Omit all pictures and transcribe only the lines in the entries below that run from the line with "Мэр Каменского поздравил" through the line with "Nürnberger Christkindlesmarkt Weihnachten".

··· Recorded information

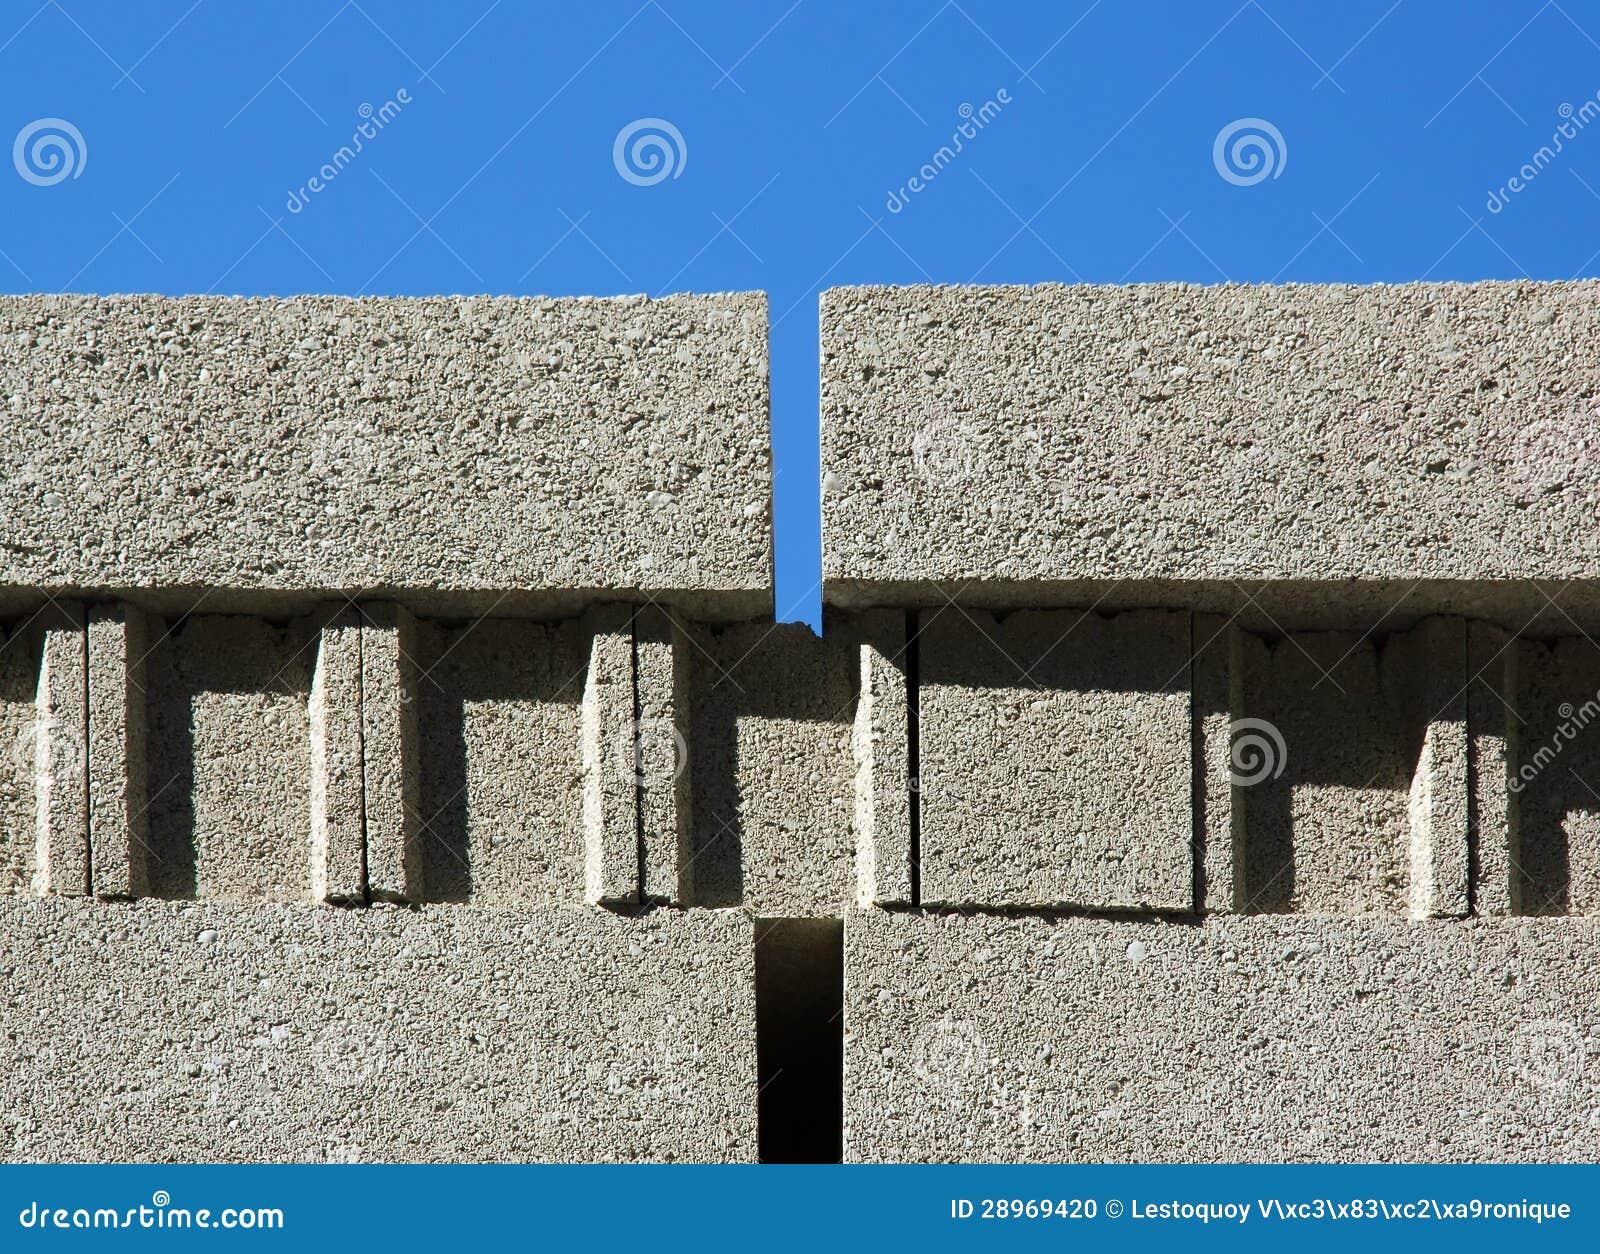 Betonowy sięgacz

······
··· Recorded information

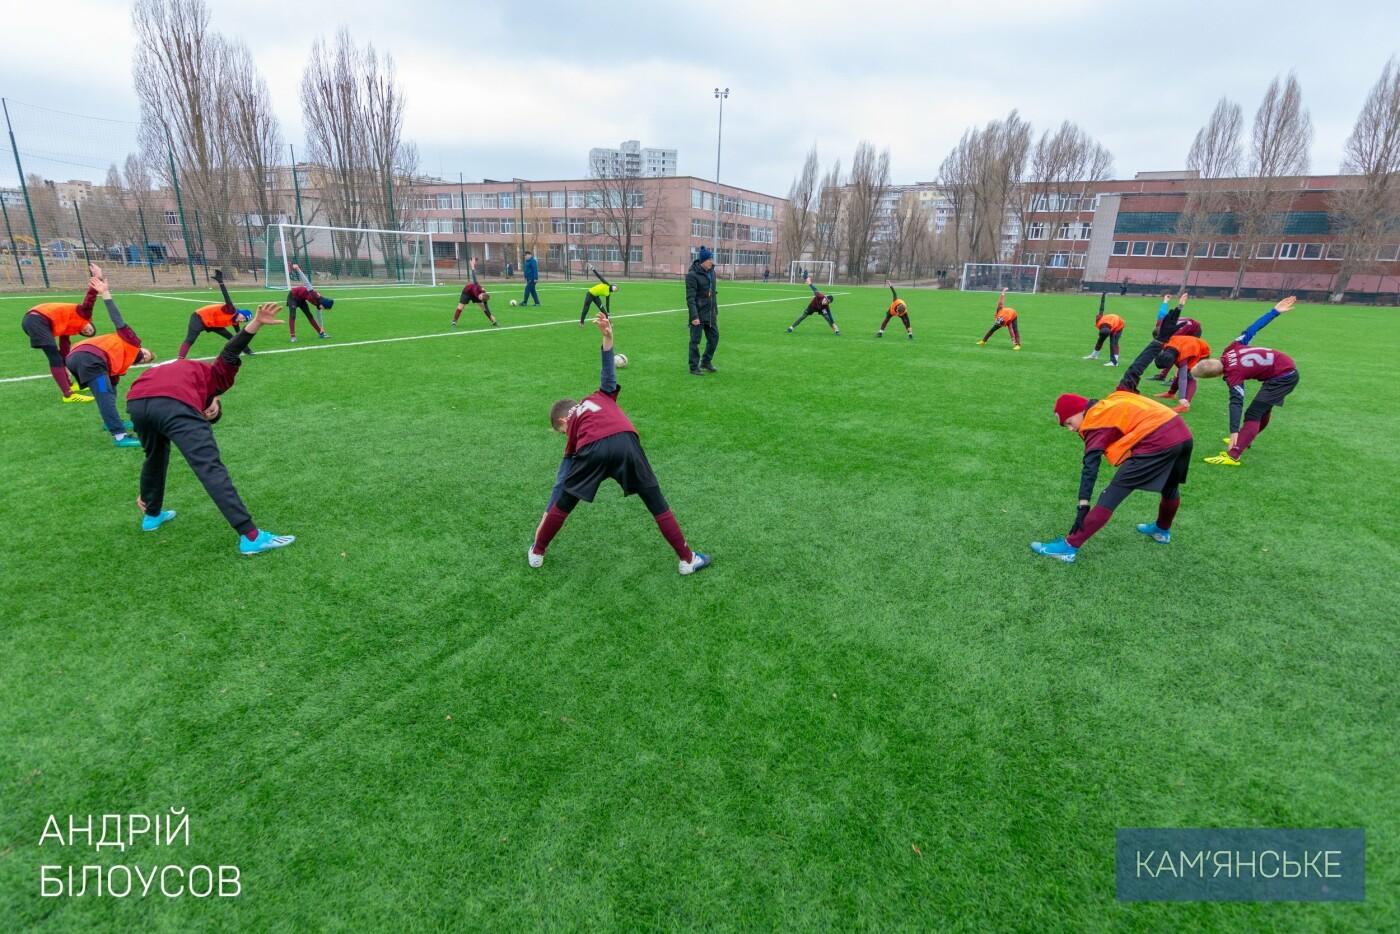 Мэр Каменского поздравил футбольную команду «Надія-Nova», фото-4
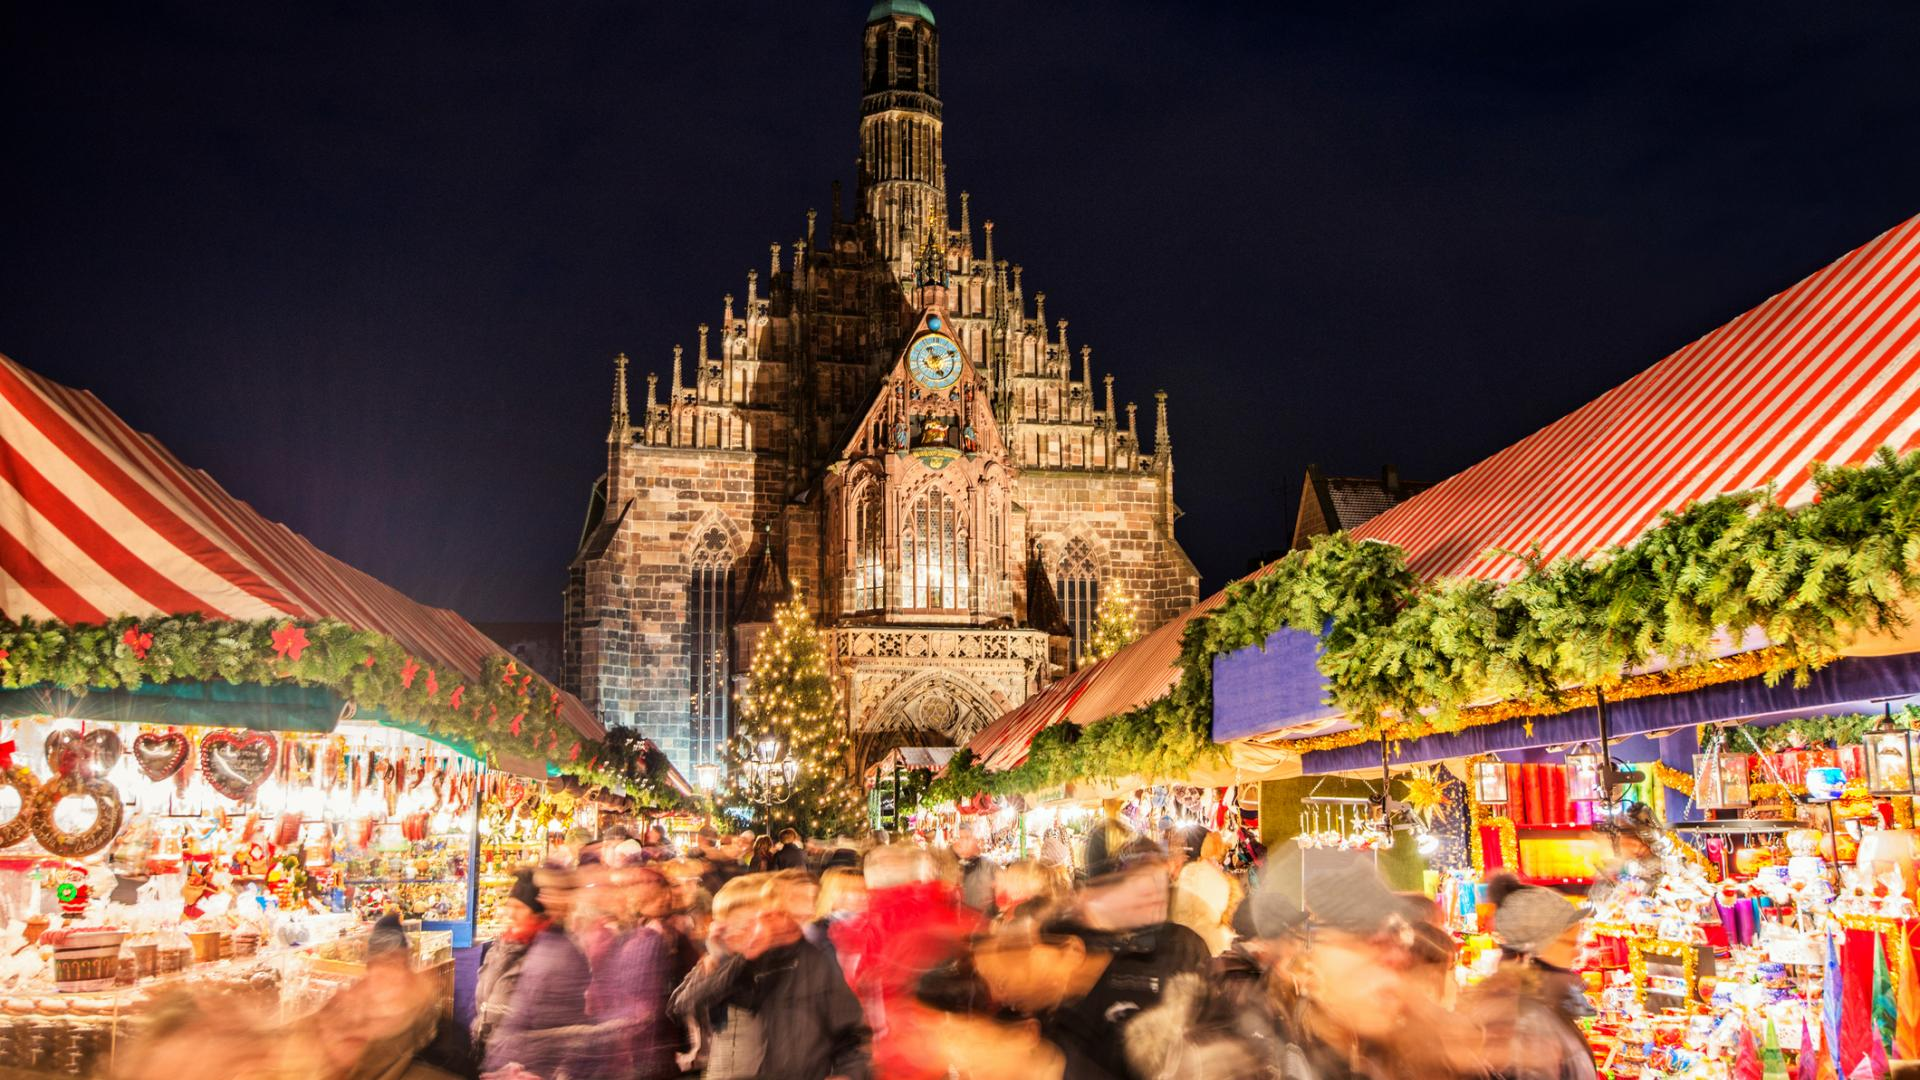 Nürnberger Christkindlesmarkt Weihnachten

······

Reply to the exercise:
 Мэр Каменского поздравил футбольную команду «Надія-Nova», фото-4
 Nürnberger Christkindlesmarkt Weihnachten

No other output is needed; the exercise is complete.